Positive Feedback and Behavioural Reinforcement
Conversely, the CVS model identifies positive feedback as the process through which certain inputs reinforce and amplify behaviours. In AI development, this principle is operationalised through reinforcement learning, where desirable behaviours are rewarded and undesirable ones penalised.
While positive feedback is essential for improving system performance, the CVS framework also cautions that it can reinforce undesirable behaviours if not properly managed. For example, systems trained on biased or harmful data may internalise and reproduce these patterns. Therefore, careful design of reward structures and training datasets is necessary to ensure that reinforcement processes promote ethical outcomes.
Inputs and the Role of Data Governance
The CVS model emphasises that inputs from ICT environments significantly influence human values and behaviours. In AI systems, inputs include training data, user prompts, and environmental signals. These inputs shape the system’s internal representations and, consequently, its outputs.
Effective data governance is therefore essential for AI control. This includes curating high-quality, unbiased datasets, implementing input filtering mechanisms, and detecting malicious or adversarial inputs. Without such controls, AI systems risk adopting and amplifying harmful patterns present in their input environments.
Circularity and the Dynamics of Feedback Loops
A defining feature of the CVS model is circularity, whereby outputs feed back into the system as inputs, creating recursive feedback loops that shape future behaviour. This concept is particularly significant for AI systems operating in real-world environments, where their outputs can influence user behaviour, societal norms, and even future training data.
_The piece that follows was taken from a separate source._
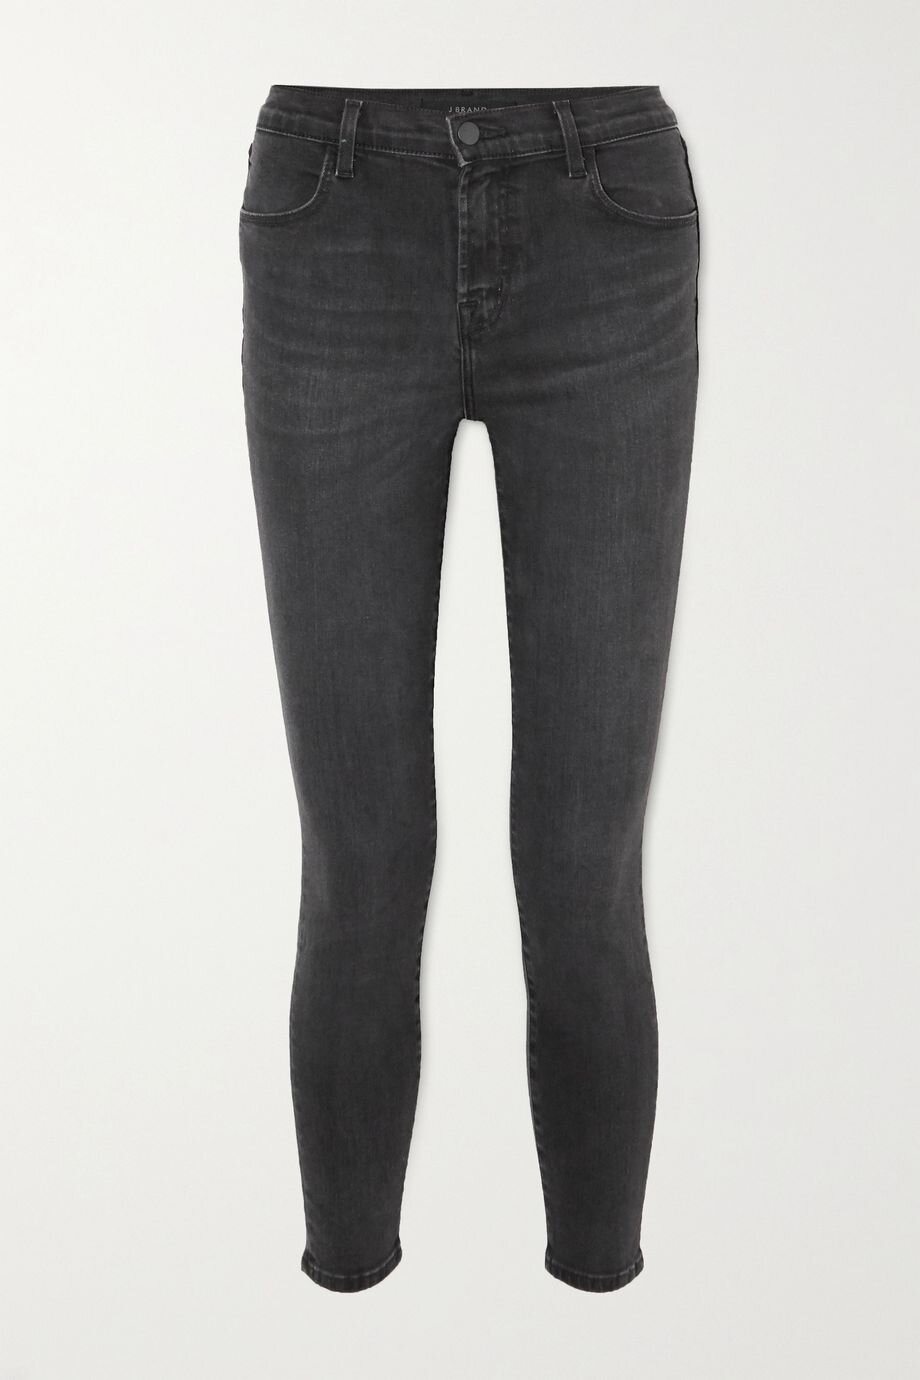 For pokker ciffer Nautisk J Brand Alana Cropped High-Rise Skinny Jeans in Grey — UFO No More

This recursive dynamic introduces both opportunities and risks. On one hand, positive cycles can reinforce beneficial behaviours and promote ethical norms. On the other hand, negative cycles can amplify bias, misinformation, or harmful practices. Consequently, AI governance must include continuous monitoring, evaluation, and recalibration to manage these feedback loops effectively.
Integrating the Moral Domains into AI Design
The CVS model further identifies three moral domains—moral reasoning, moral emotion, and moral behaviour—as key components of ethical engagement with ICTs . These domains provide a useful framework for structuring AI ethics:
Moral reasoning in AI involves the capacity to produce truthful, consistent, and logically sound outputs.
Moral emotion, while not experienced by AI, can be approximated through the generation of empathetic and context-sensitive responses.
Moral behaviour refers to the consistent enactment of ethical principles, such as respect, responsibility, and self-control, in system outputs.
Incorporating these domains into AI design can enhance the system’s ability to operate in a manner that aligns with human ethical expectations.
Conclusion
The Cyber Values Systems model offers a comprehensive framework for understanding and guiding the ethical operation of AI systems. By emphasising the interplay between values, inputs, outputs, feedback mechanisms, and circularity, the CVS model highlights the importance of dynamic, feedback-driven governance in AI design. Applying this model to AI systems enables the development of technologies that are not only technically effective but also ethically aligned, socially responsible, and resilient to the complex moral challenges of digital environments.